Глава 2: Публичная казнь нежности

Апрель 1976 года принёс в Хогвартс не только первое робкое тепло, но и неумолимо растущую тайну, скрывать которую Лили Эванс становилось всё труднее. Плотные свитера и свободные мантии уже не могли скрыть лёгкий, но уверенный изгиб её живота. Но дело было не в физическом неудобстве. Шёпоты за спиной, украдкой брошенные взгляды — всё это создавало вокруг неё невыносимую атмосферу осады. Она стала ходячим скандалом, живым упрёком благопристойности, и каждый день давался ей с боем. Она была уязвимым местом, слабым звеном в доспехах Северуса, и это осознание жгло её изнутри.

Именно тогда Альбус Дамблдор, с его всевидящим оком, вызвал её в свой кабинет. Он не предложил ей чаю. Его взгляд был лишён обычной искрящейся веселости.

—Дорогая моя, — начал он, и его голос звучал непривычно сухо, — я полагаю, что дальнейшее пребывание в стенах Хогвартса стало нежелательным риском. Не только для твоего покоя, но и для миссии Северуса. Слишком много любопытных глаз. Слишком много тех, чьи симпатии лежат по ту сторону надвигающегося конфликта. Ты закончишь учебный год экстерном. В конце мая. И покинешь школу.

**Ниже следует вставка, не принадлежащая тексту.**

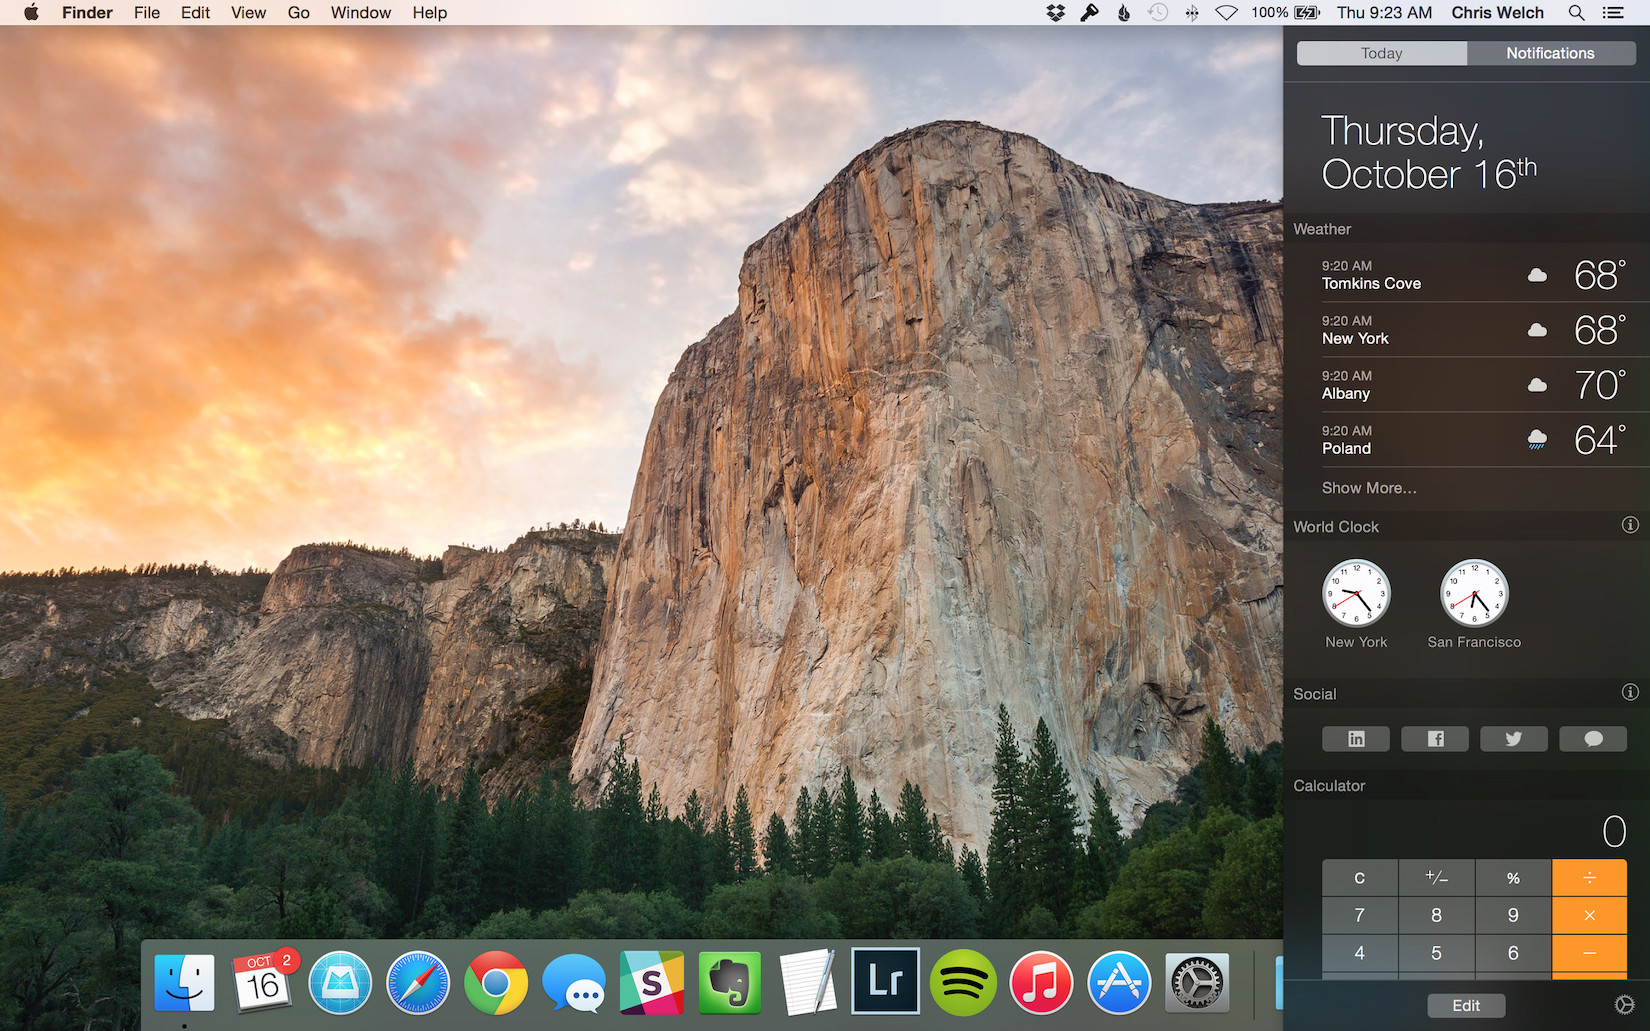 Mac OS X 10.10 Yosemite Today Desktop Feature (2014)

Лили, чувствуя одновременно облегчение и горькую потерю, лишь кивнула. Она будет скучать по знаниям, по библиотеке, по призрачному ощущению нормальной жизни. Но она понимала — Дамблдор не предлагал выбор. Он констатировал факт. Она была солдатом, которого отводили в тыл ради безопасности всей операции.

Перед отъездом она столкнулась с Джеймсом Поттером в пустом классе заклинаний. Он ждал её, его поза выдавала нерешительность, а на лице не было привычной насмешки.

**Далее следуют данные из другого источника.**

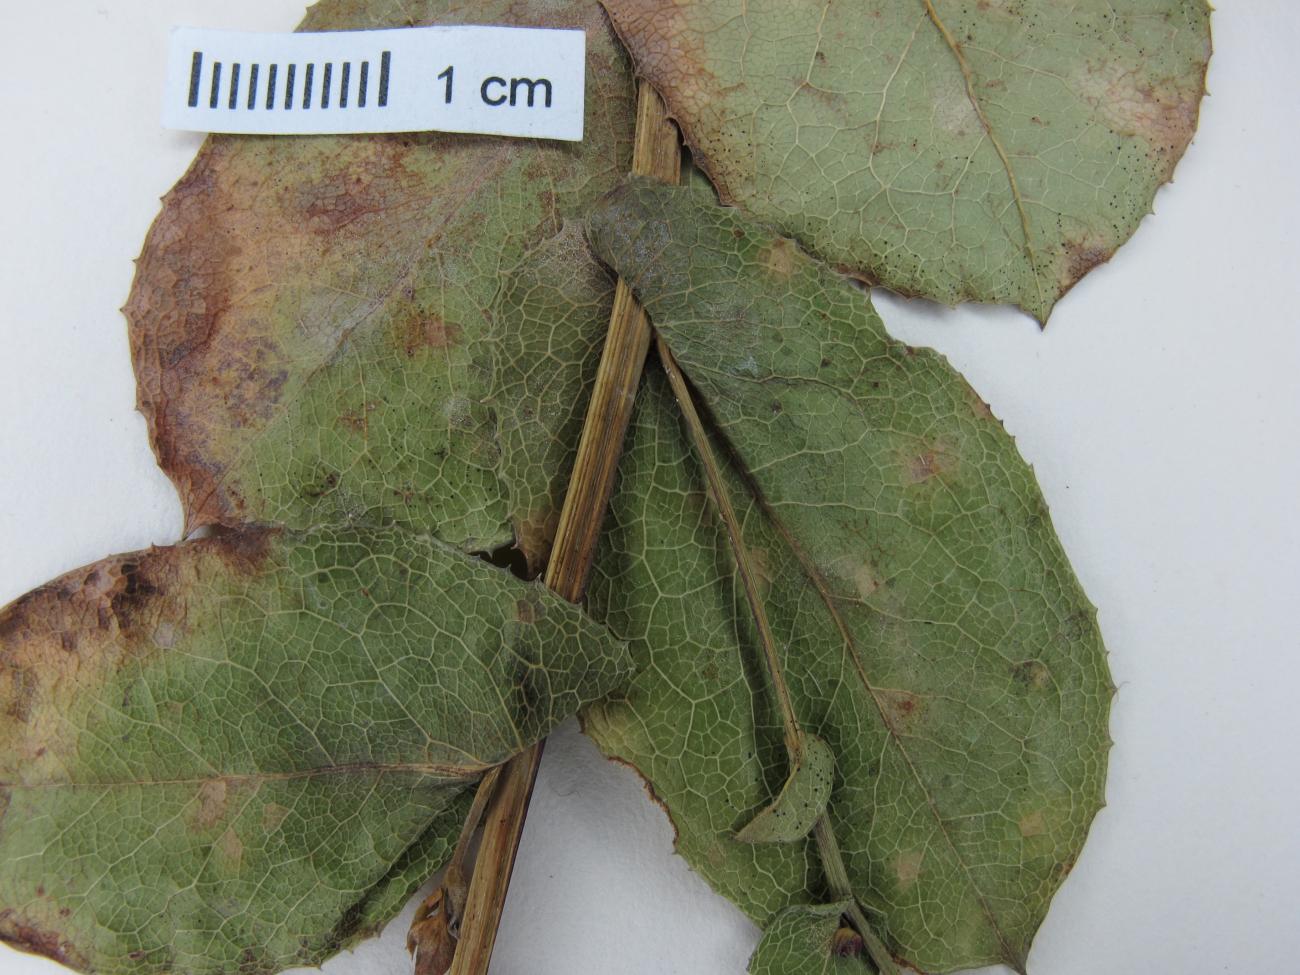 Acourtia platyphylla image

—Эванс, — произнёс он, и в его голосе не было дерзости. Его взгляд скользнул по её руке и замер на простом серебряном кольце, а затем упал на её живот. Он сглотнул. — Это правда? Всё это... правда? Ты и вправду вышла за него?

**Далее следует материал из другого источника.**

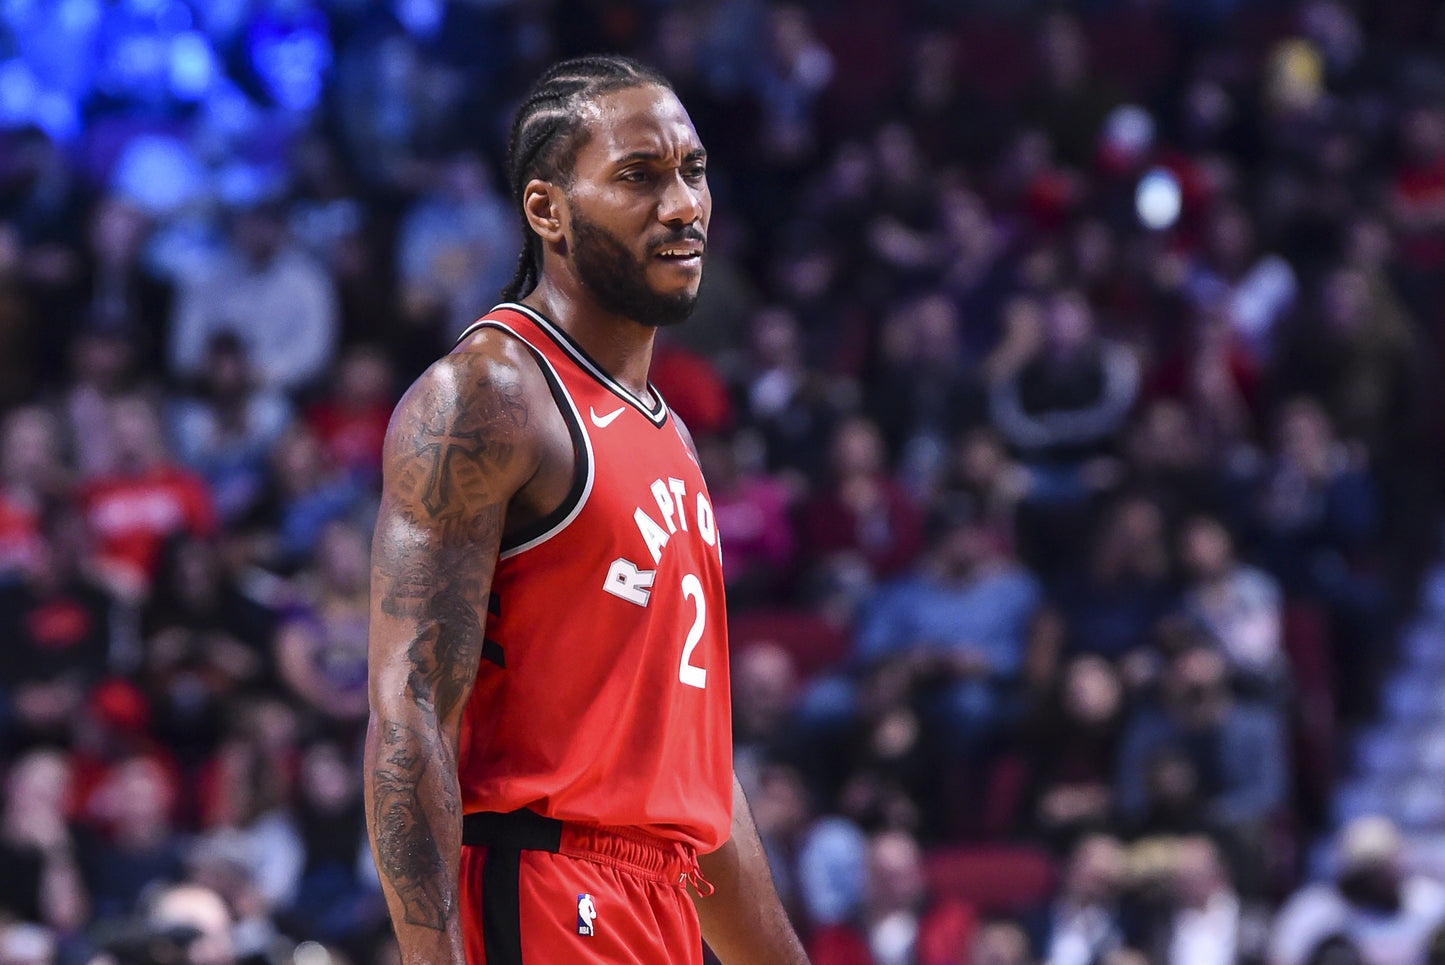 Toronto Raptors Kawhi Leonard 2018 NBA Finals Patch Red Swingman Jersey

—Да, Джеймс, — тихо ответила она. Ей было плевать на его мнение, но эта сцена была ещё одним гвоздем в крышку гроба её старой жизни.

Он покачал головой,и в его глазах читалось не столько осуждение, сколько горькое, почти детское недоумение.

—Я не понимаю, Лили. Всё. Совершенно всё. Он... он же чудовище. Он тёмный, он злой, он презирает само твоё существование. И ты... ты свяжешь с ним свою жизнь? Из-за... — он не решался сказать слово, тыча пальцем в её живот.

—Не «из-за», Джеймс, — перебила она его, и в её голосе зазвучала усталая сталь. — Есть вещи, которые ты не поймёшь. И я не могу тебе их объяснить. Я связываю с ним жизнь, потому что это мой выбор. Просто... оставь это. Оставь меня.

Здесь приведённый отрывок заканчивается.